I’m someone that is simultaneously intimidated by the ocean, and yet fascinated with various, perhaps somewhat slightly dangerous, activities. I know that the former feeling comes from the fact that I’m from Toronto, and that, as a result I am simply unaccustomed to dealing with tides, currents and the possibility of sharks. The later feeling, though, pushes me to do things like confront the former head on. As a result, I decided to get my SCUBA certification and spend some time under the sea getting to know it more intimately.
The company I went through was Pearl Harbor Divers. The course was an intensive one-week crash thing in all the dive basics (made even more intense given that Monday was labor day, so what could usually be spread out over a week needed to be done in 6 days): We started off with the normal in-class study session, followed by two days of pool work. The pool work was long (3-4 hours a night, two nights in a row), but there was a huge emphasis on safety and skill repetition so that when we finally got out into open water this weekend, I felt reasonably comfortable with the idea of trying to fight evolution by breathing underwater. I would highly recommend this company to anyone.
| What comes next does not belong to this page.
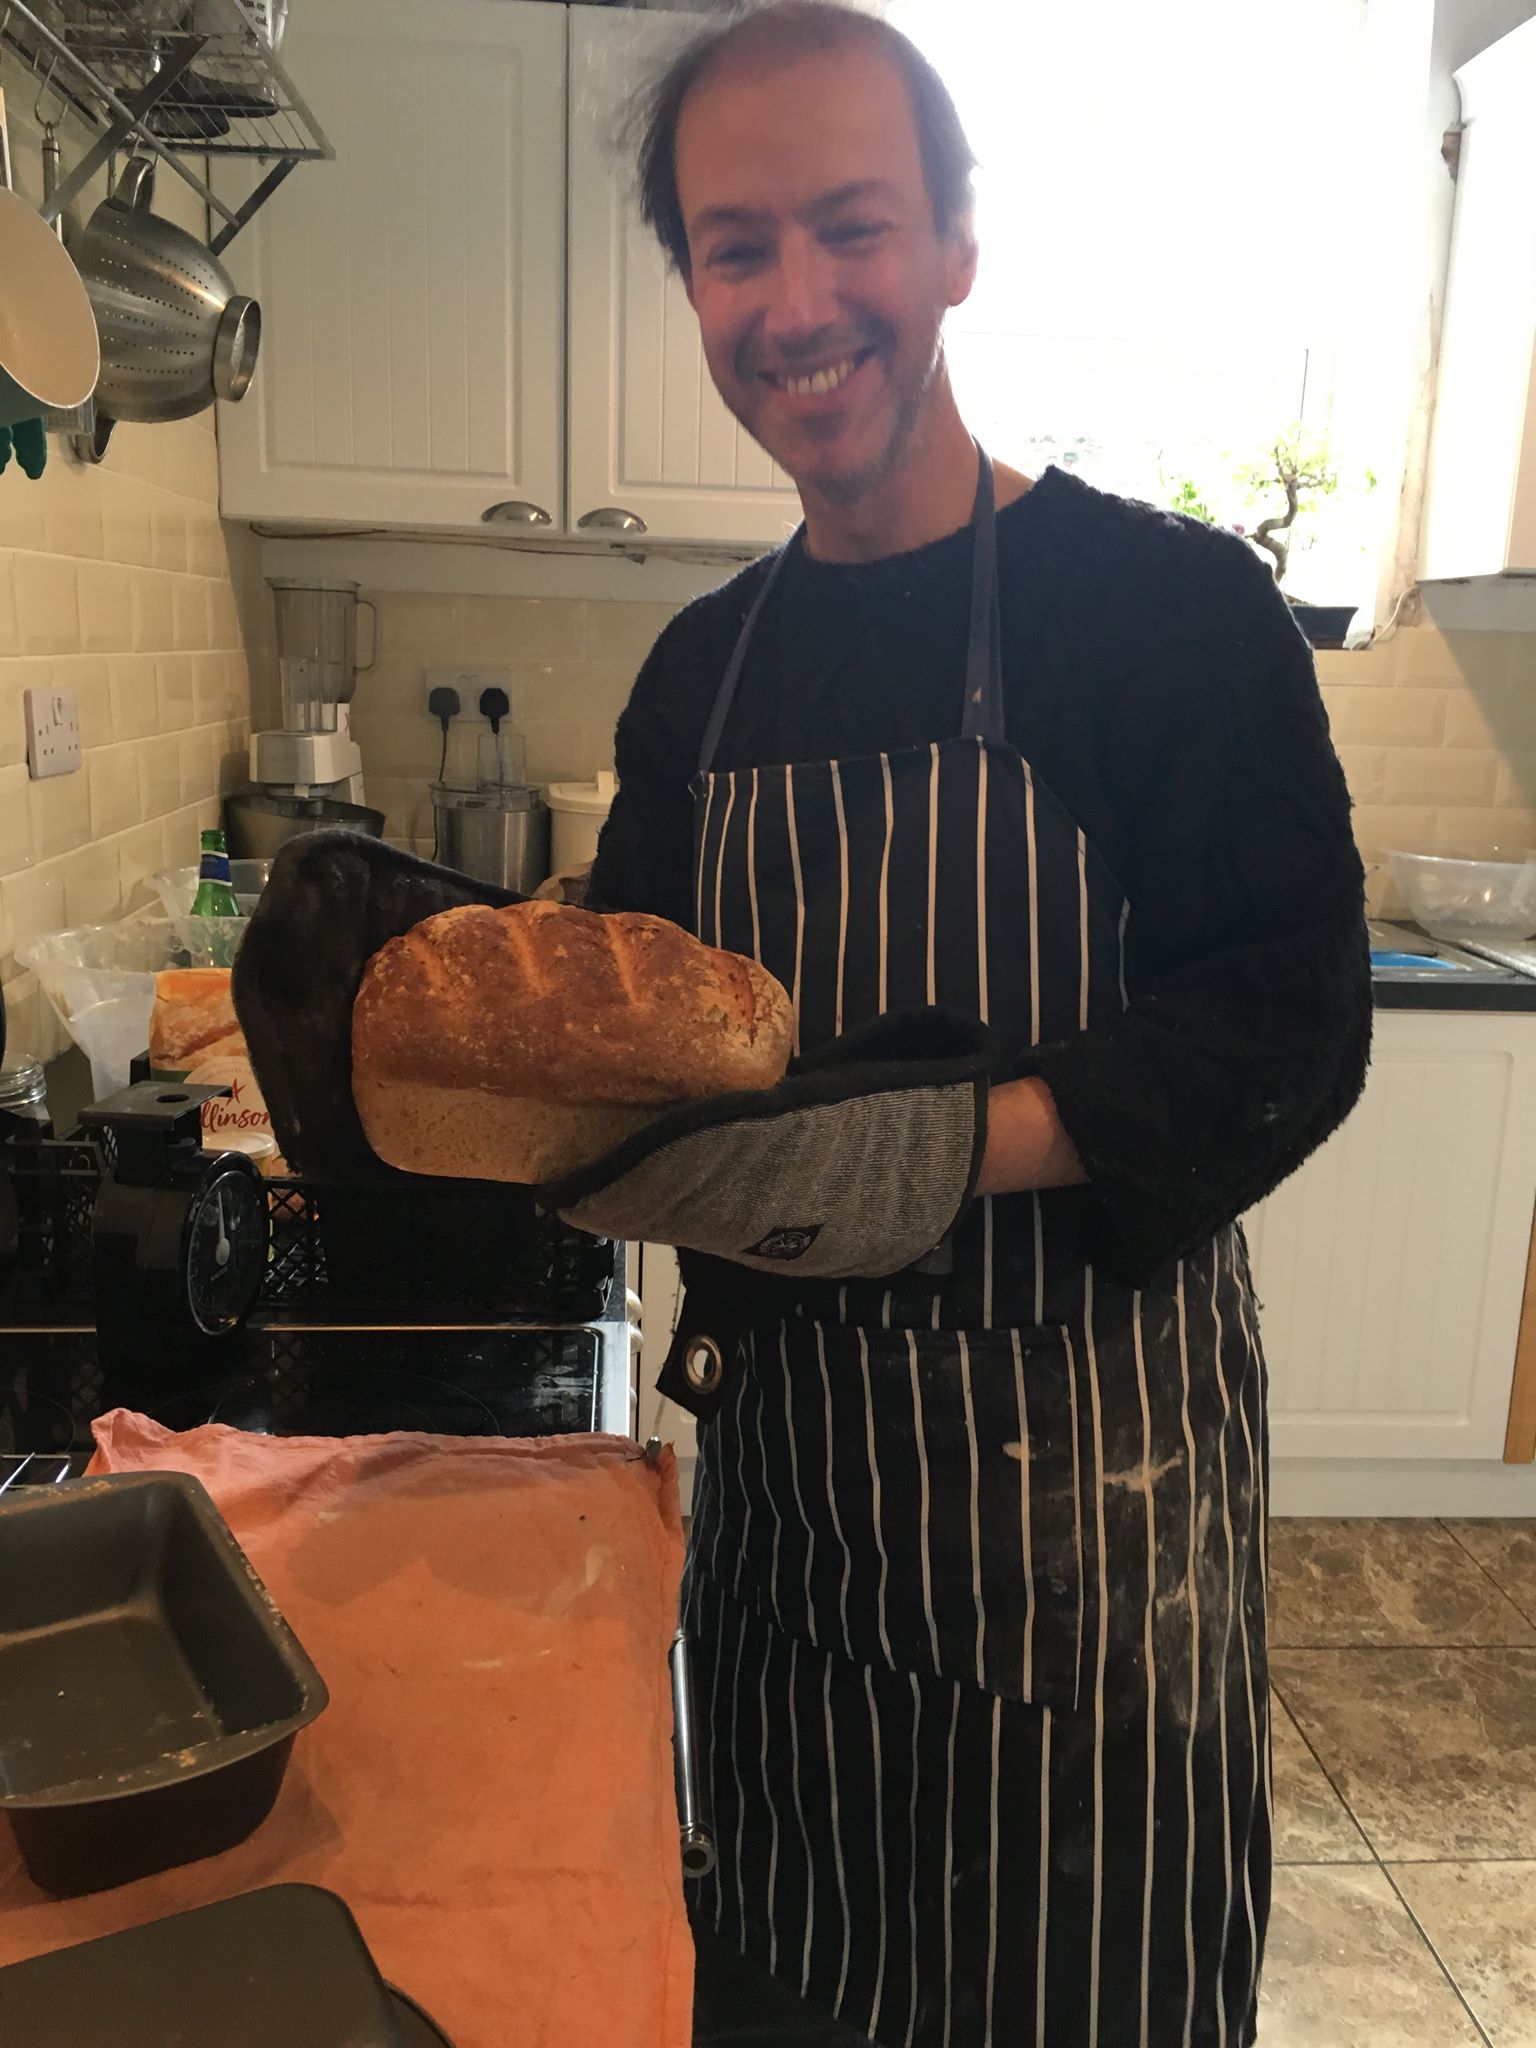 Philip getting bread out of the oven

The open water dives were at Kahe Point (also known as “Electric Beach”) out on the West side of Oahu. This site is apparently very popular for snorkeling tours and dive training and so there’s tons of parking and even a hot-dog stand for after you get out of the water (at which time, if you are anything like me, I guarantee you, you will be ravenous). The only downside is that there is one main water entrance and when the waves pick up, you can really get knocked around trying to get into (or out of) open water (my legs have the bruises to prove it!) It looks like this, though the picture hardly does the power of the waves justice.
The dives themselves were pretty awesome. This is the site you get just as you’re about to drop under.
Pretty, right? Under the water there is a really nice little area to explore for beginner divers – lots of reef, lots of fish and even a few sea turtles. There is also a water off-load pipe from the electric plant that gives off a ton of force (and it’s all clean, warm water). Apparently, more advanced divers (certainly not me) can jump into the force, get blown about 100 ft and end up near a wreck. Something to work up to.
At this point there are two specific things I’d like to point out: First, if you have ever wanted to fly (like Superman, not a plane), no matter how you feel about the ocean, I highly recommend giving diving a try. Under the warm waters of Hawaii, I have never felt so weightless and simultaneously in control – it was simply amazing.
Second, and on a more informational note, as you may have guessed, I have a GoPro which I strapped to myself for this litter adventure. The shots here were all taken with it, and I love the fact that I can strap it to my arm and really reduce the risk of loosing it. I found a down side to the camera though, it’s blurry underwater. This was the best shot I got out of it and I really had to work with it in Photoshop to get it this far. I do like the shot, but it would be nice if it were a little crisper around the edges.
Apparently GoPro has known about the problem for about a year, but the only way to fix it is to get a flat lens casing. These are not sold by GoPro, though they do exist, so if you decide to get a GoPro for diving, you might want to look into these. I won’t plug the name of any of the sites here since I haven’t tried the product myself, but with a few clicks through Google you should be able to find a couple.